This Tree is Nuts
The Monday Photo
What did the Romans ever do for us? They brought the walnut tree to Britain, because they liked the nuts.
Now we can eat Walnut Whips (they date from 1910), crack the shells for a Christmas snack, and eat big slices of coffee and walnut cake at tea shops. Walnuts are very good for you, but that doesn’t mean a walnut cake is a health food, no matter how nice it is.
This large Walnut tree is one of a pair planted either side of the drive of Gayhurst House, not far from Newport Pagnell. The other tree has had major surgery and last time I looked (this photo is a few years old) was recovering nicely.

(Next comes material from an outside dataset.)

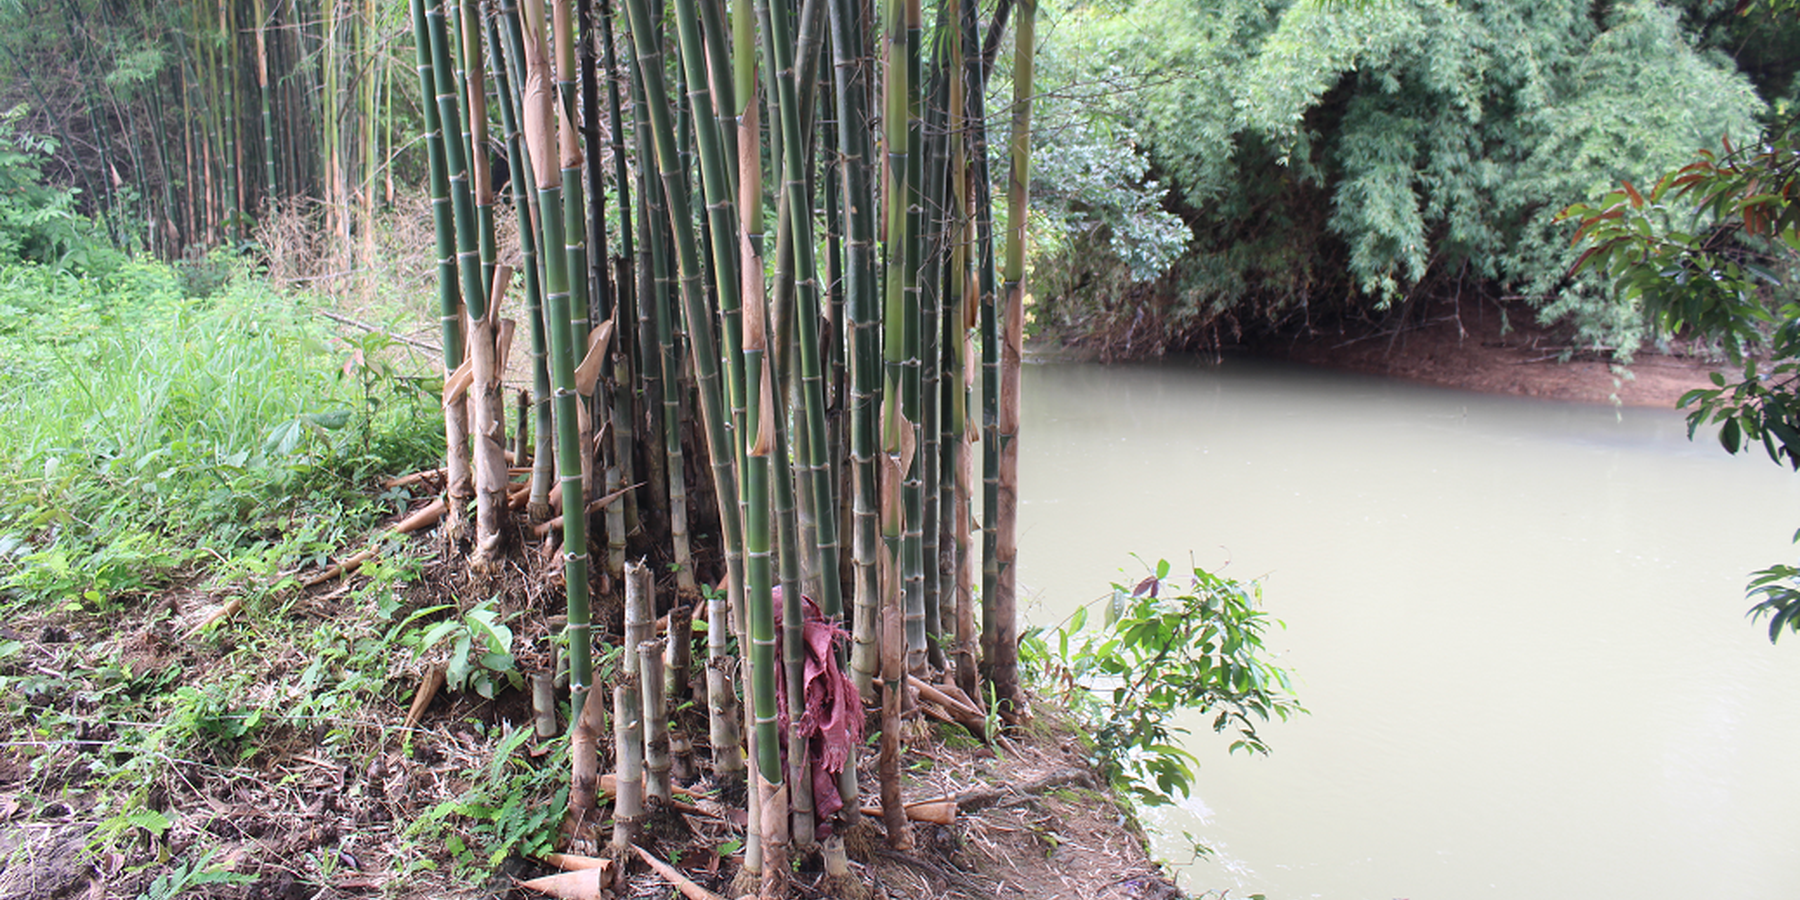 Bambusa oldhamii planting along river bank to protect soil erosion

It’s believed that most of the walnut trees in the area are descended from these two trees. I couldn’t find out how old the one in the photo is, but it's one of the biggest in the United Kingdom, with a height of about 66 feet (20 metres), and a girth of over twenty feet (6.2 metres).
The girth is measured at five feet above ground level; it would be called the circumference if trees were perfectly round.
This is an English Walnut, but sometimes they are called the Persian or Common Walnut. But the latin name is always Juglans Regia.
Gayhurst is one of North Buckinghamshire’s many lost villages; moved on from its original site next to the manor house, in the interests of having nicely landscaped grounds.